WORK INSTRUCTION ->
All lines below must be repeated exactly, with the pictures omitted.

DATASET SECTION ->
- Opening Delimiter -
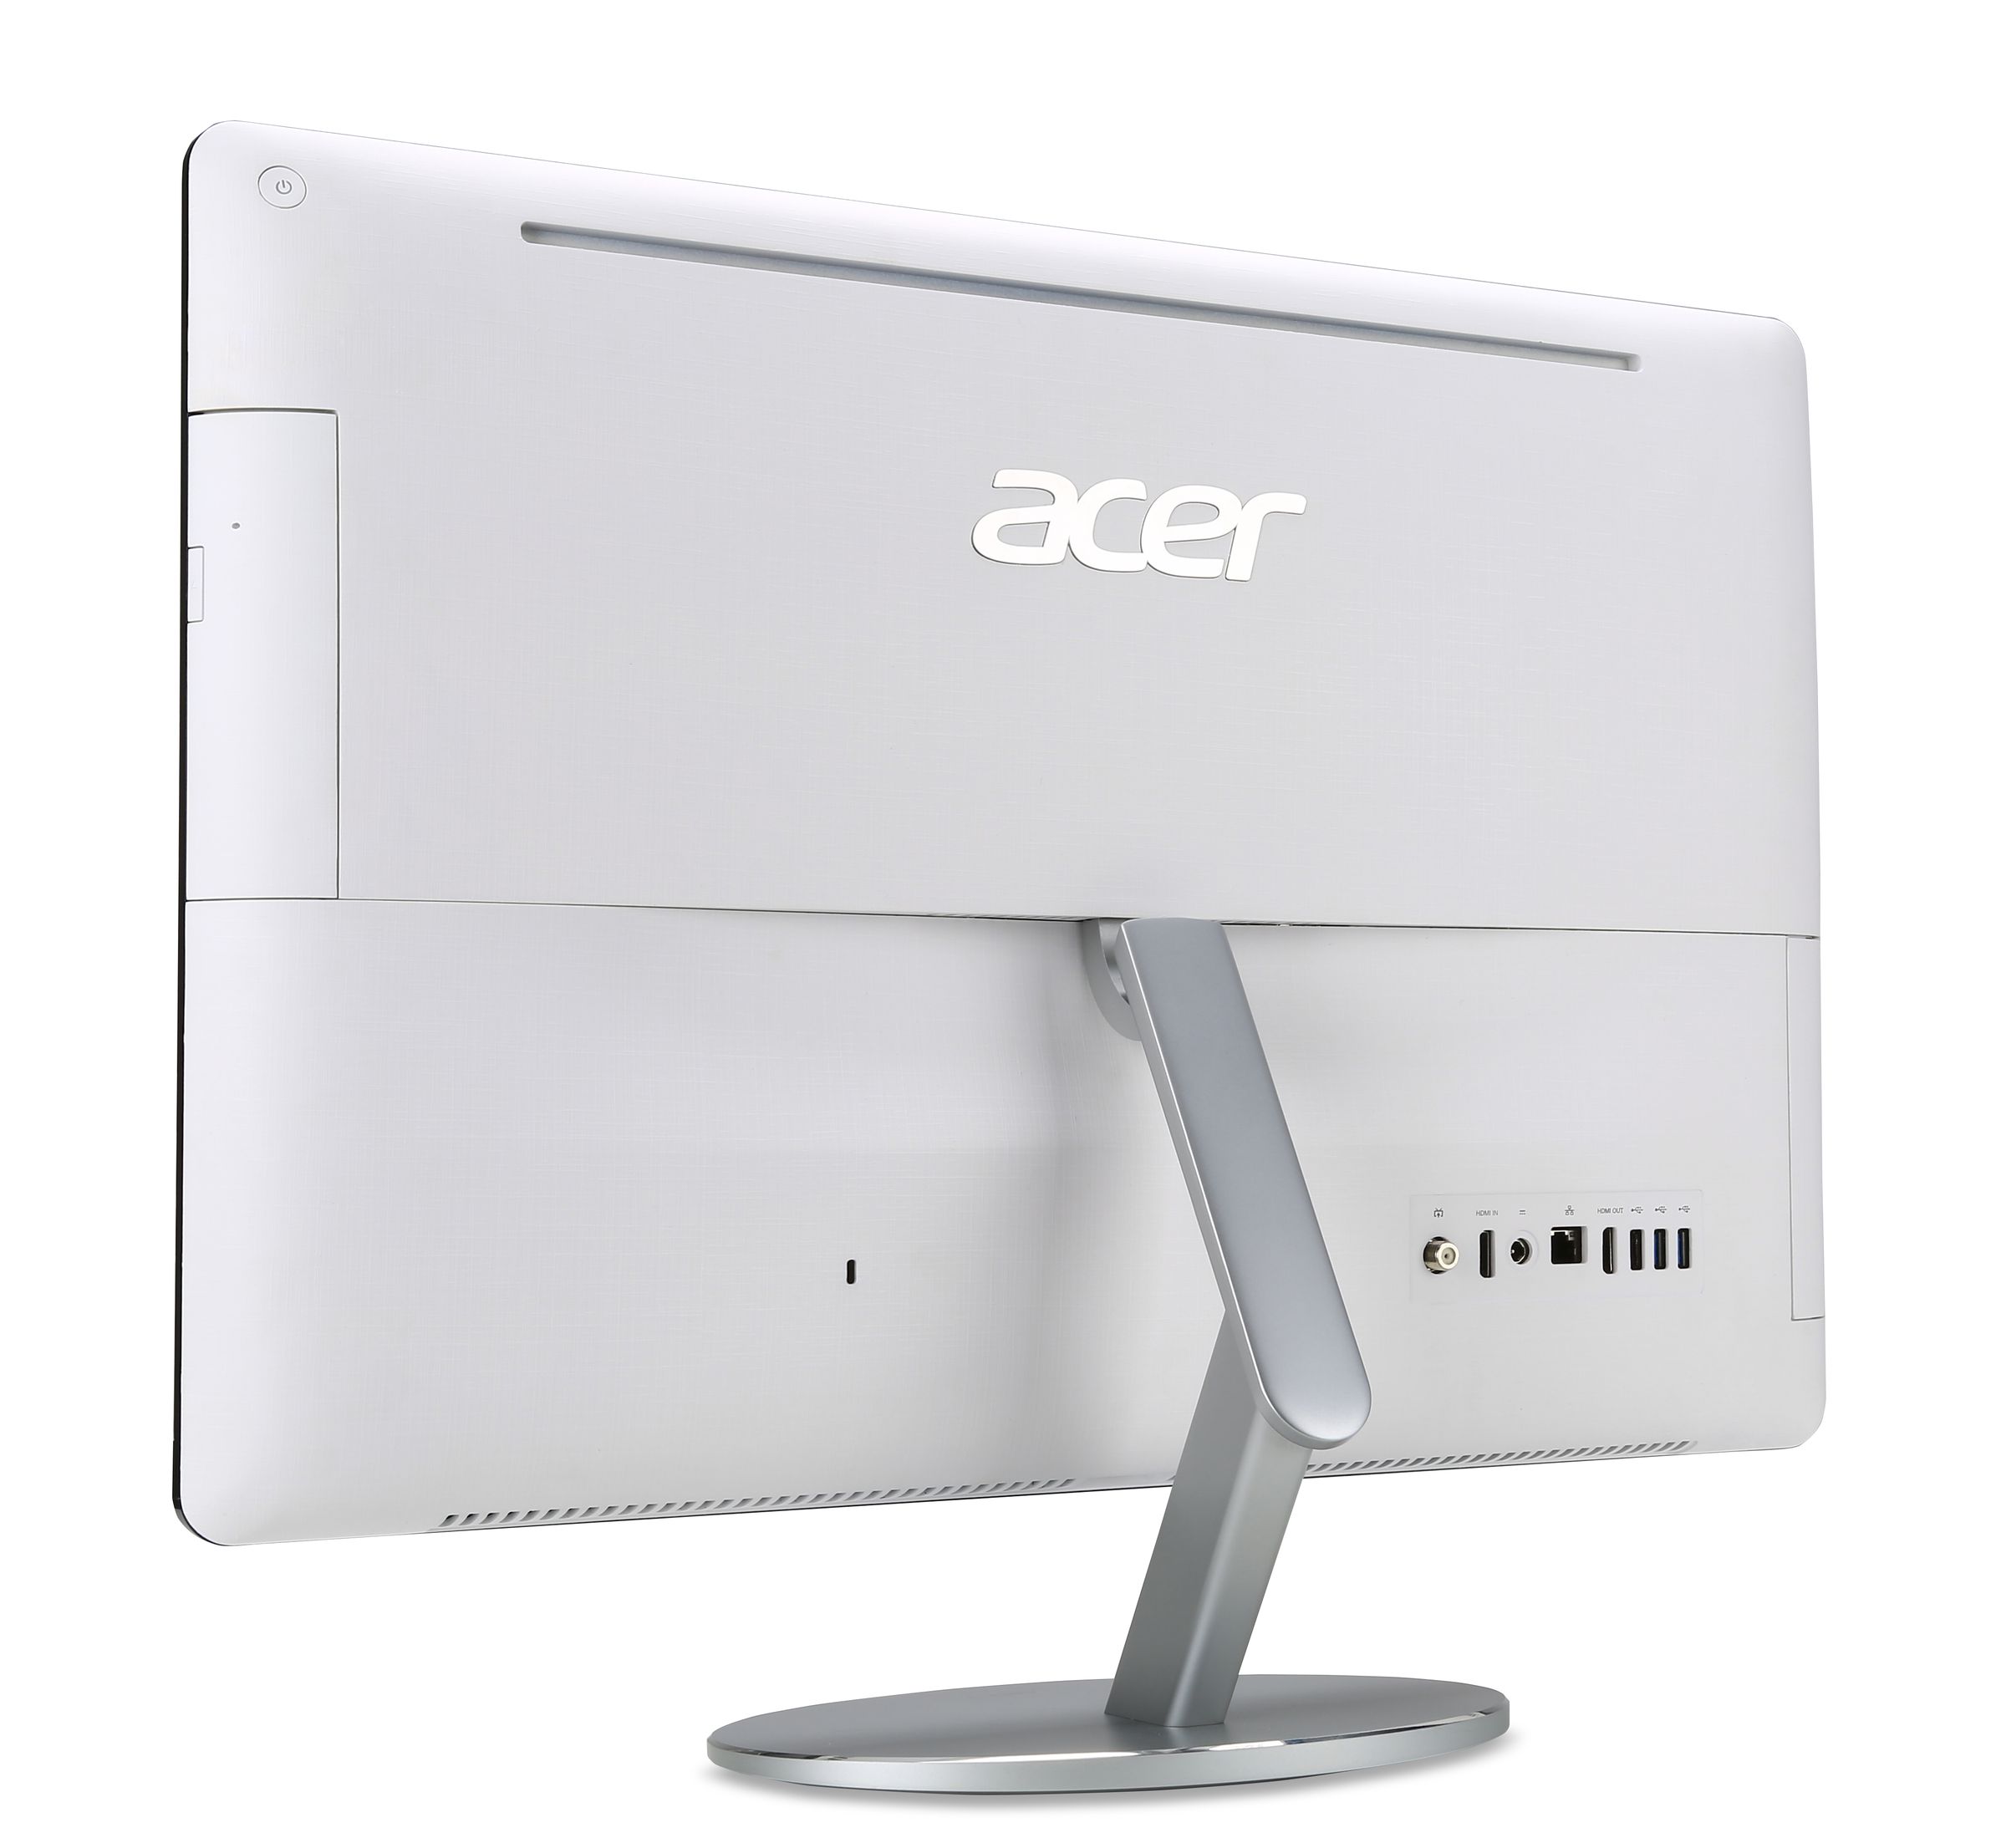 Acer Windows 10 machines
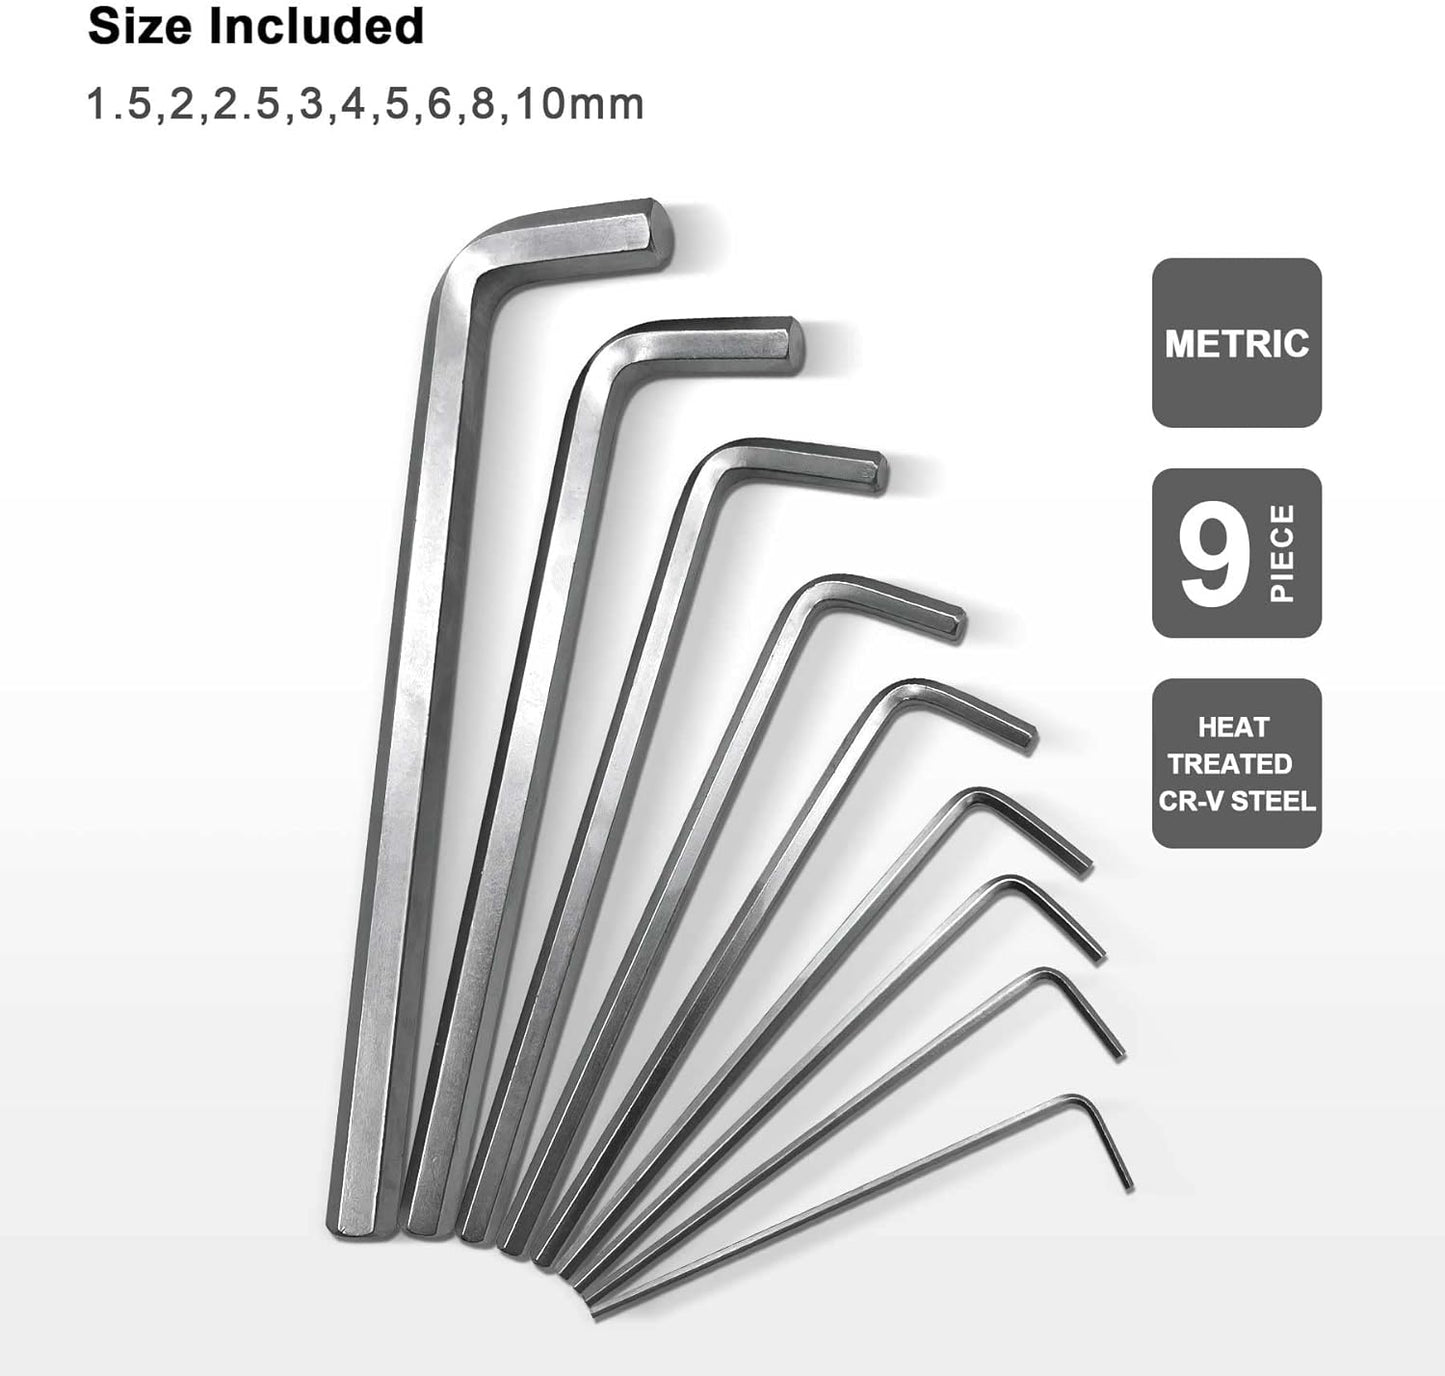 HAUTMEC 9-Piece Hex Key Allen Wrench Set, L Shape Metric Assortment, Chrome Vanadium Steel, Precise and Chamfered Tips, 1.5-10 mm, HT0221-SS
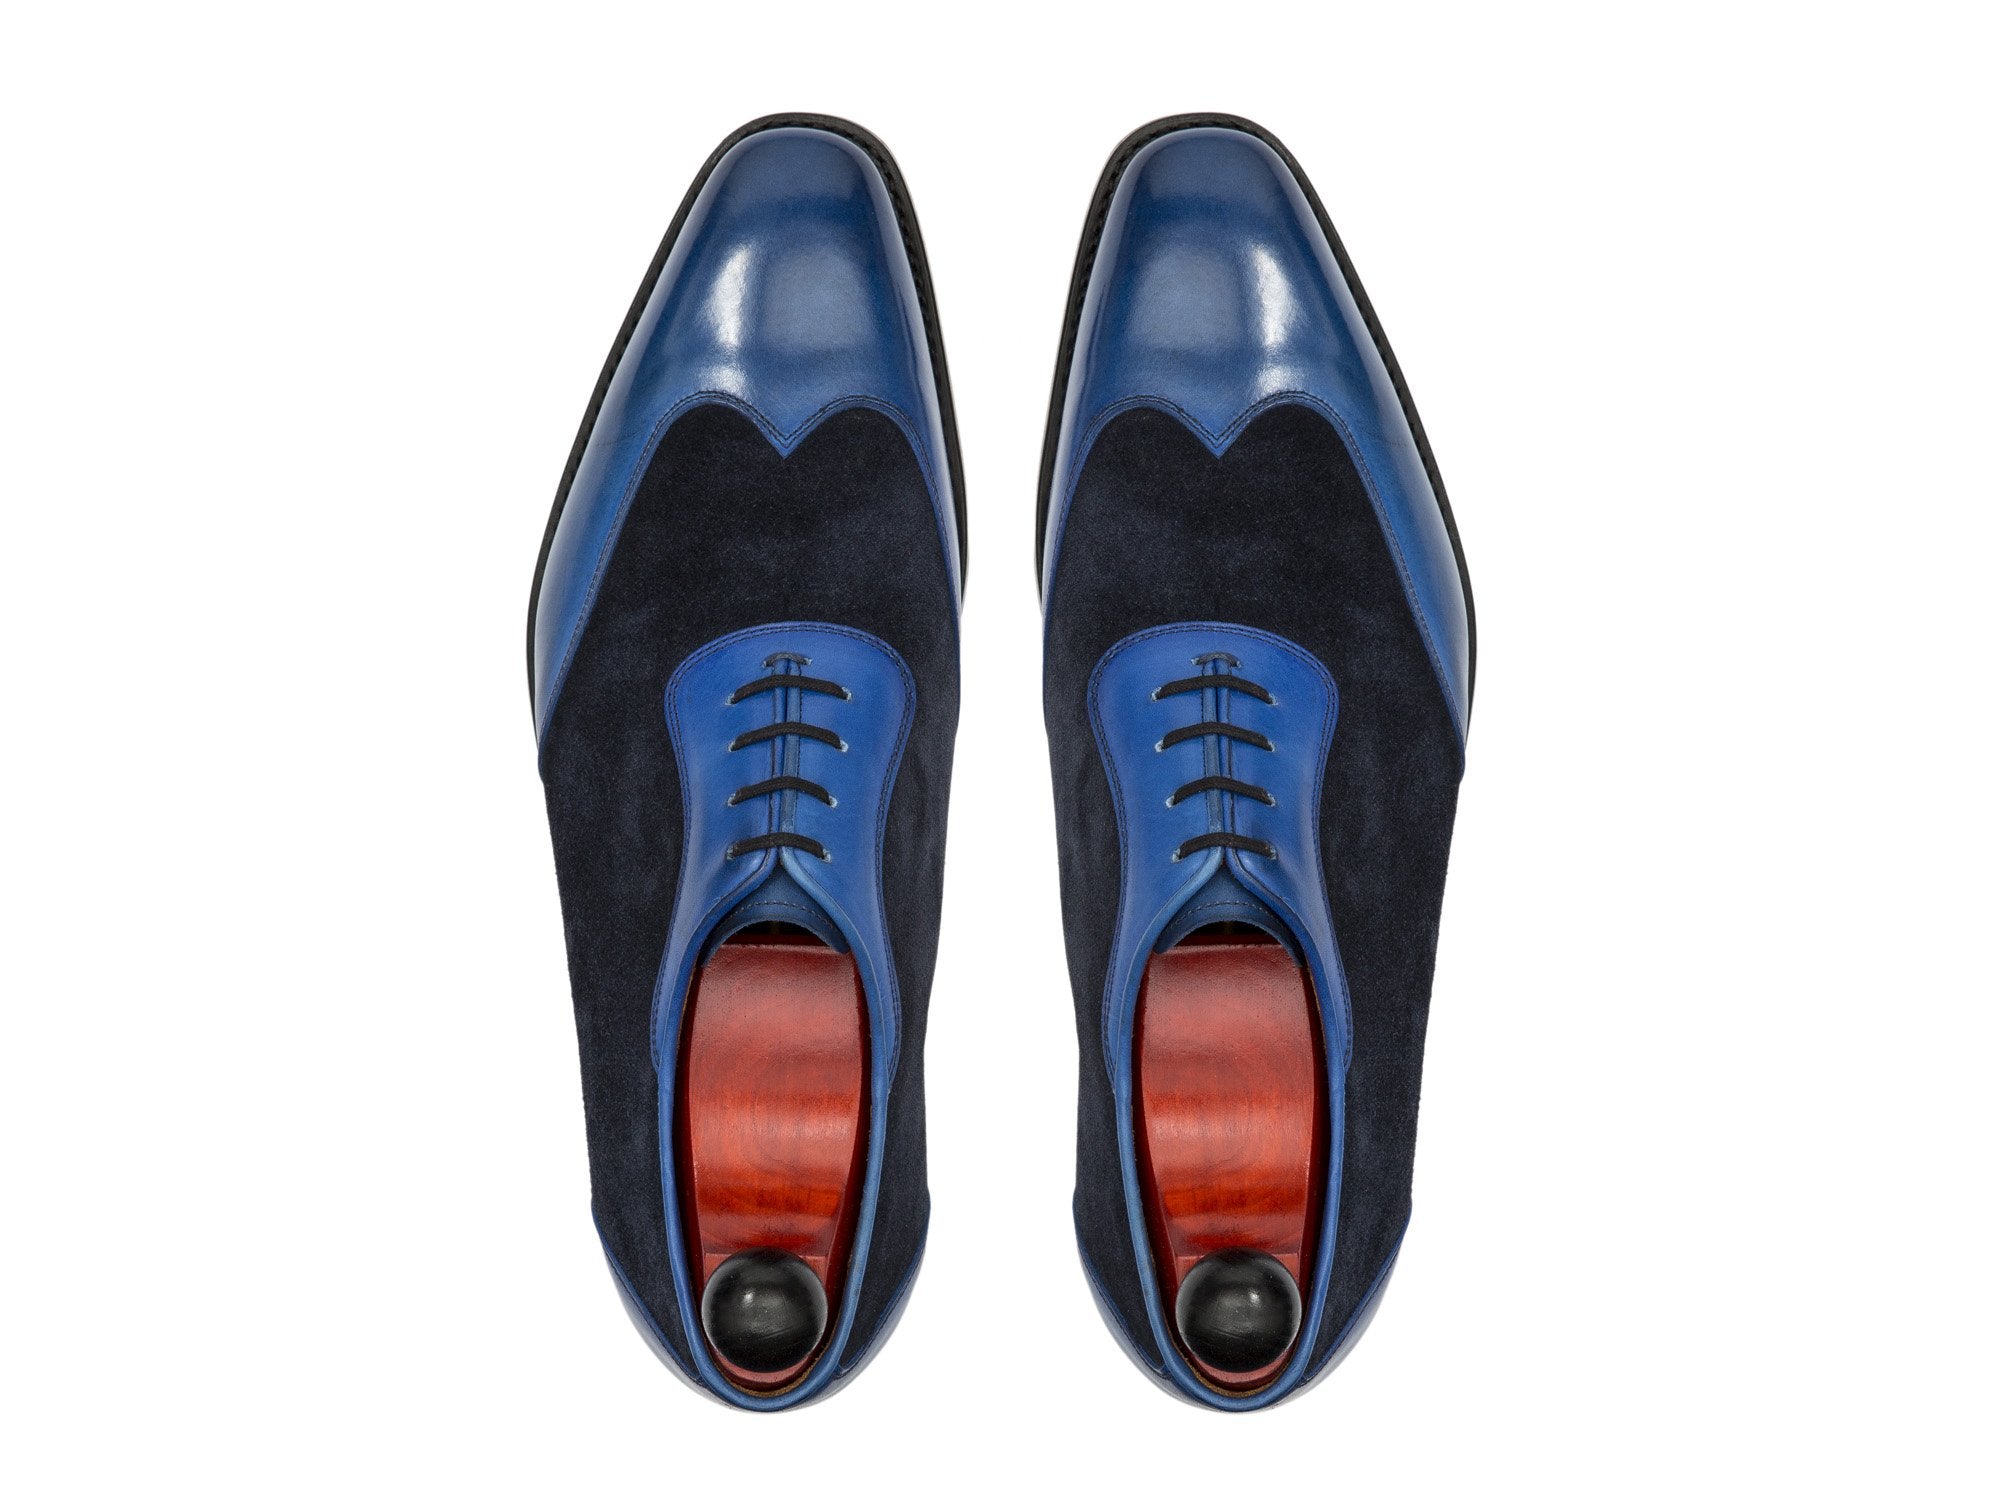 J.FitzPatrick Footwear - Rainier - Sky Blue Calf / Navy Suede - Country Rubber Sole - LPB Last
- Closing Delimiter -
REPLY ->
 Acer Windows 10 machines
 HAUTMEC 9-Piece Hex Key Allen Wrench Set, L Shape Metric Assortment, Chrome Vanadium Steel, Precise and Chamfered Tips, 1.5-10 mm, HT0221-SS
 J.FitzPatrick Footwear - Rainier - Sky Blue Calf / Navy Suede - Country Rubber Sole - LPB Last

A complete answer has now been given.